* _Exercise data_:
————
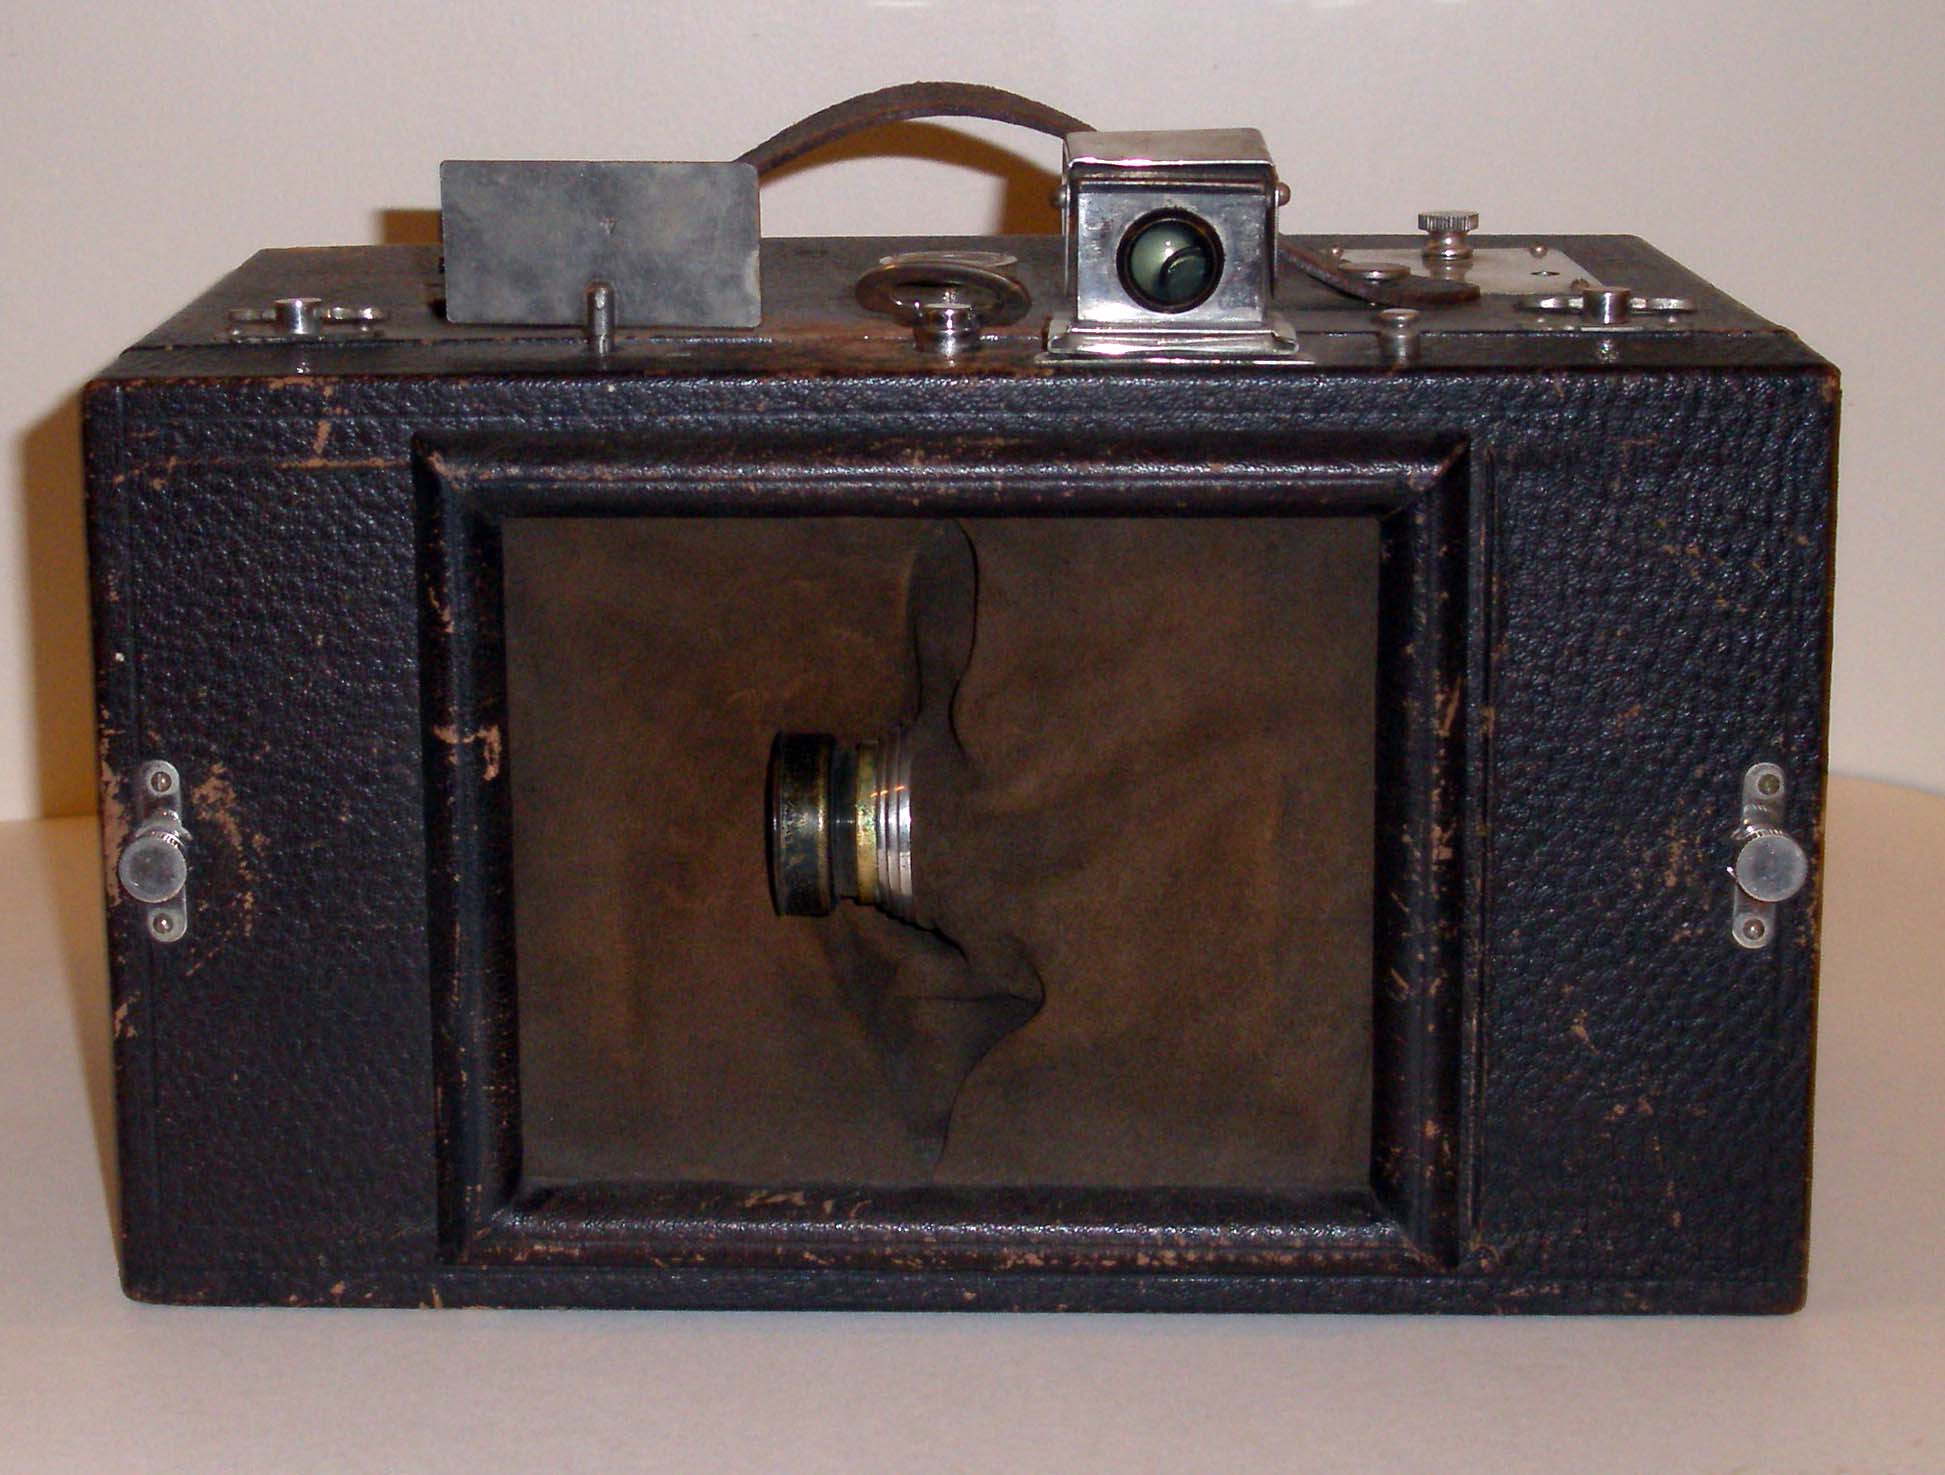 Al-Vista camera
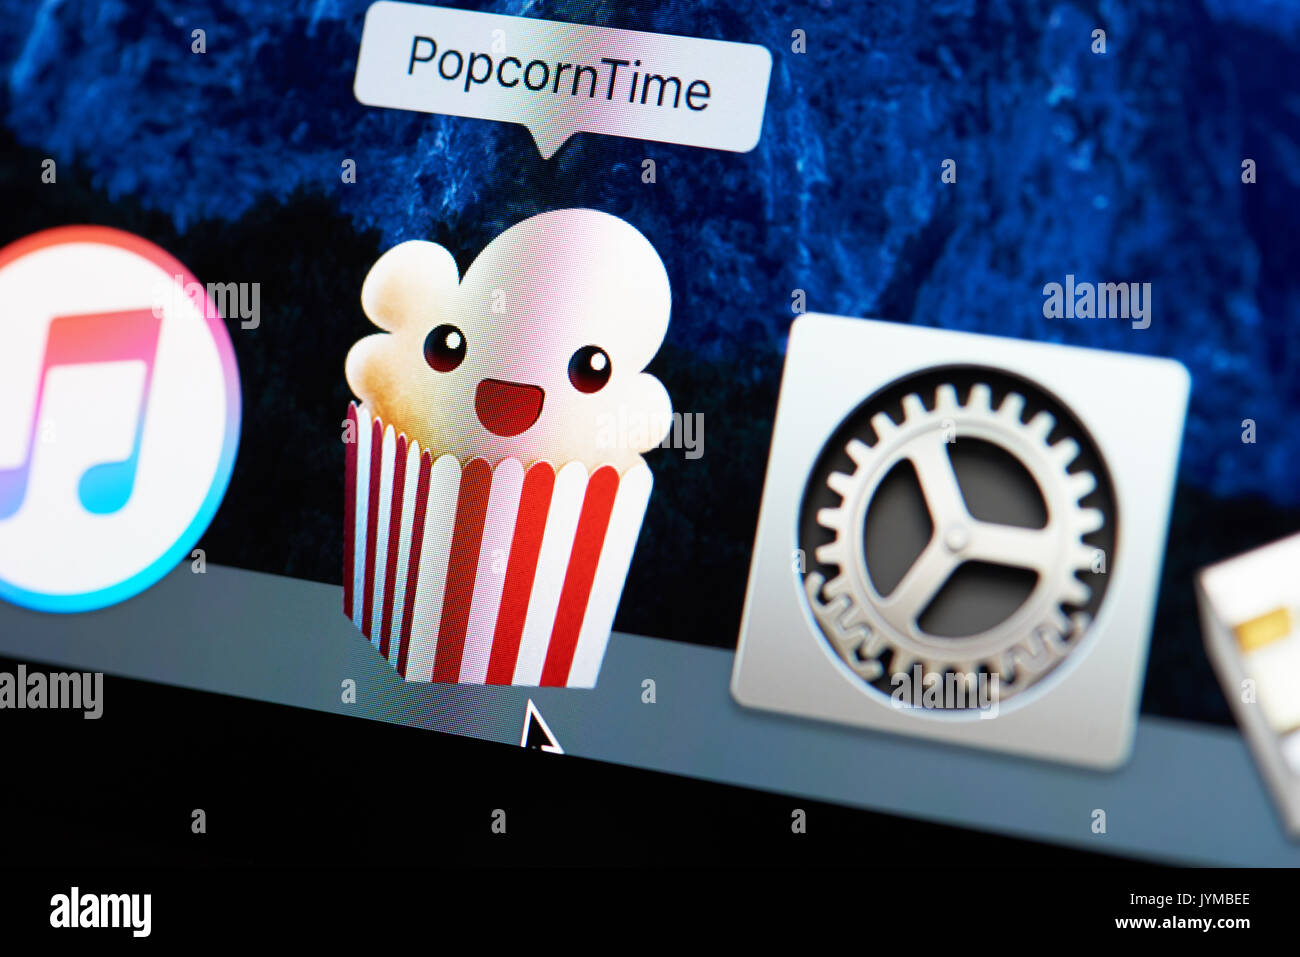 New York, USA - Le 18 août 2017:film Popcorntime service sur un écran d'ordinateur portable de près. Regarder des films sur demande popcorntime Banque D'Images
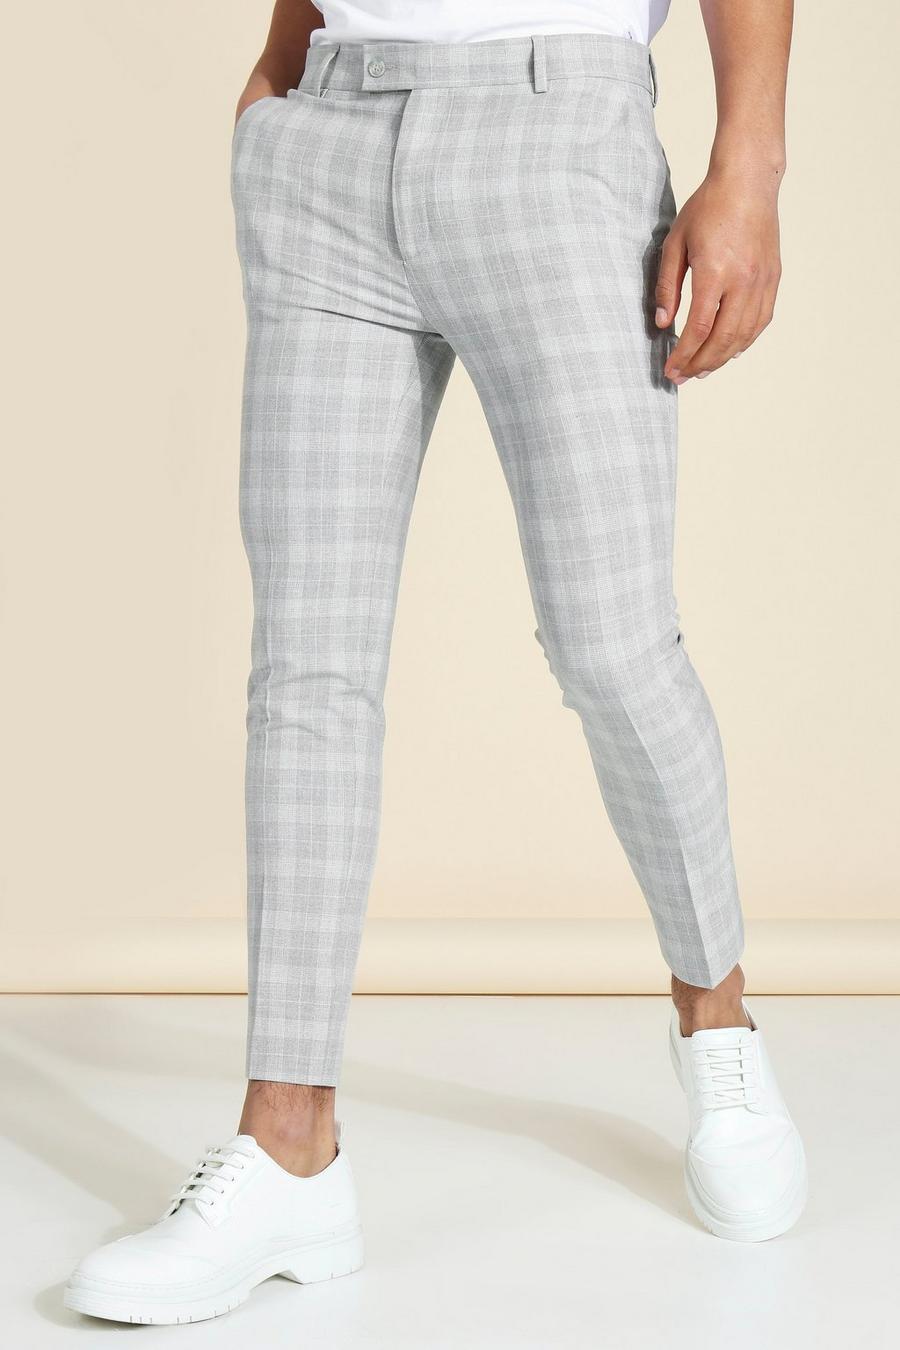 אפור gris מכנסי קרופ סופר סקיני מחויטים עם הדפס משבצות
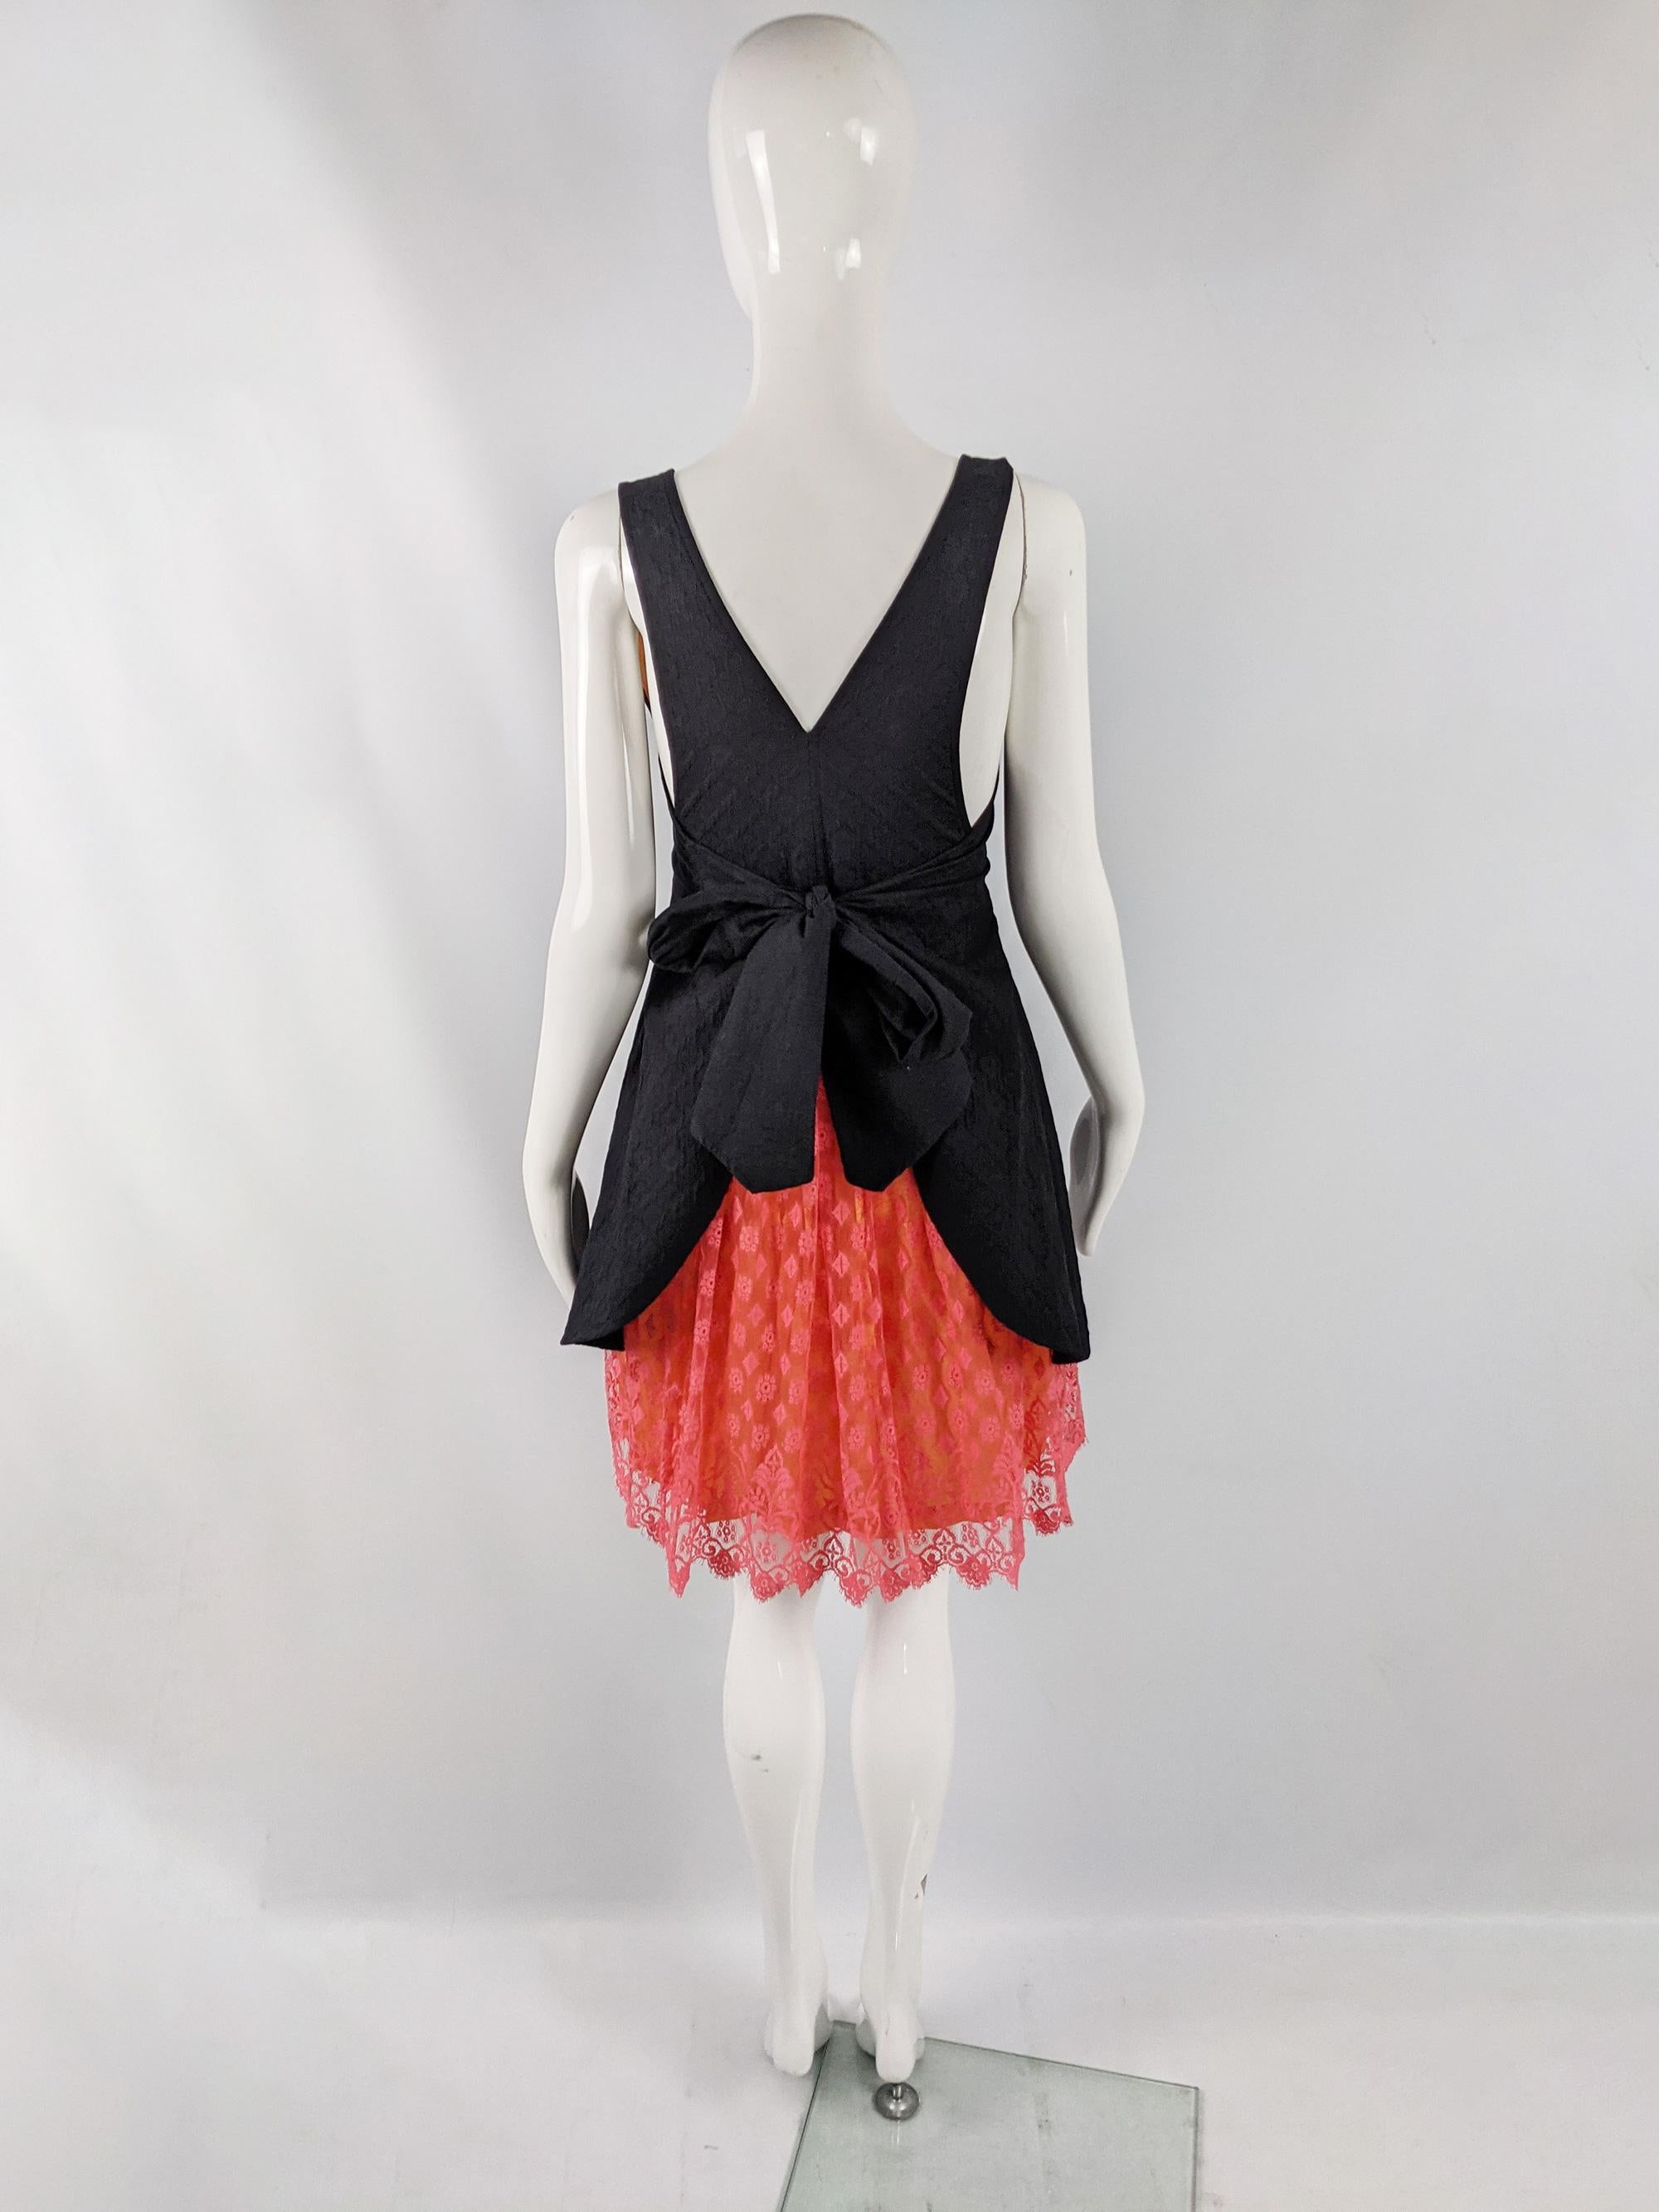 Christian Lacroix Bazar Vintage Black Apron & Coral Lace Dress, 1990s For Sale 1
————
* _What to work on_: With the pictures omitted, reproduce the data above exactly.

* _Problem solution_:
 Al-Vista camera
 New York, USA - Le 18 août 2017:film Popcorntime service sur un écran d'ordinateur portable de près. Regarder des films sur demande popcorntime Banque D'Images
 אפור gris מכנסי קרופ סופר סקיני מחויטים עם הדפס משבצות
 Christian Lacroix Bazar Vintage Black Apron & Coral Lace Dress, 1990s For Sale 1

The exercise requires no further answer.